Smith County, TX September 25, 2024, a 28-year-old Shreveport woman was injured in a single-vehicle crash on Interstate 20 in Smith County.

Officials say the incident happened just before 8:00 a.m. on I-20 near State Highway 110. According to investigators, the victim was driving a Chevy Malibu west on the highway. Police allege the car was traveling too fast for the wet conditions when it lost control and slid off the road. It hit a light pole and rolled one or more times, then came to rest on its roof.

Shreveport Woman Injured in Rollover Accident on I-20 in Smith County, TX

The Malibu driver suffered serious injuries in the crash. No other people or vehicles were involved.

No further information is currently available.

Commentary by Attorney Michael Grossman

Police seem to think speeding was the primary culprit here and may be why the victim left her lane. I have no specific reason to doubt their findings, but I’ve been in this business long enough to know that preliminary reports should be taken with a grain or two of salt. I’ve seen many instances where police reports make at best an incomplete picture, and at worst are entirely mistaken.

Many people, police sometimes included, are tempted to just blame a driver for a single-vehicle wreck and think no more of it. While it’s true that driver mistakes cause many such crashes, they can’t be taken for granted or assumed. Other factors, things out of the drivers’ control, also contribute to them and a proper investigation must take those factors into account. If the roads were wet, how big a factor was that in the car’s loss of traction? Is there adequate signage in the area? What’s visibility like on that stretch of road? Was the Chevy in good repair? Did anyone check it for malfunctions or defects, like faulty brakes or insufficient safety features? Could something have incapacitated the driver?

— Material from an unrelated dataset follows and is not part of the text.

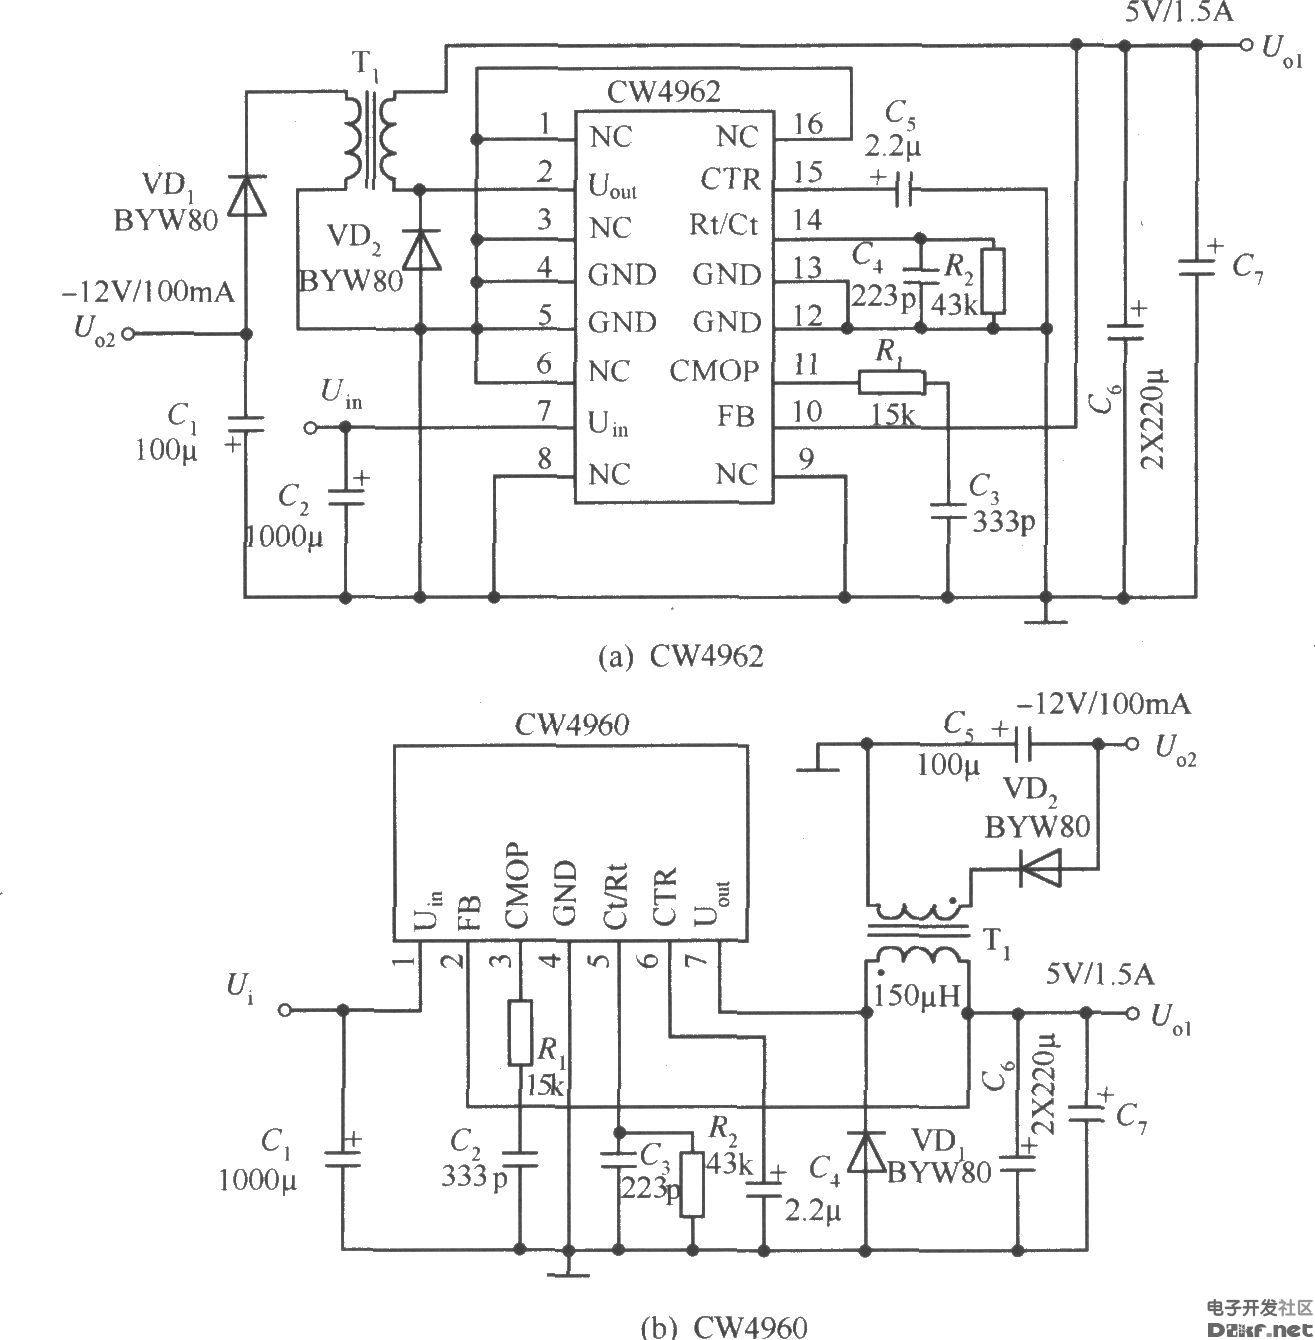 CW4960/CW4962构成双电压( 5V/1.5A、-12V/100mA)输出的应用电路

The point of those and many other questions is not to complicate things, but to clarify them. It may be tempting to blame everything on a single factor like speeding, but that’s reductive and possibly unfair to the injured victim. Instead, a proper investigation will account for all the potential factors, then find evidence which supports or refutes each one. That approach stands the best chance of connecting all the dots, but it’s also time- and resource-consuming. Did Smith County authorities commit enough resources to this crash to get things right?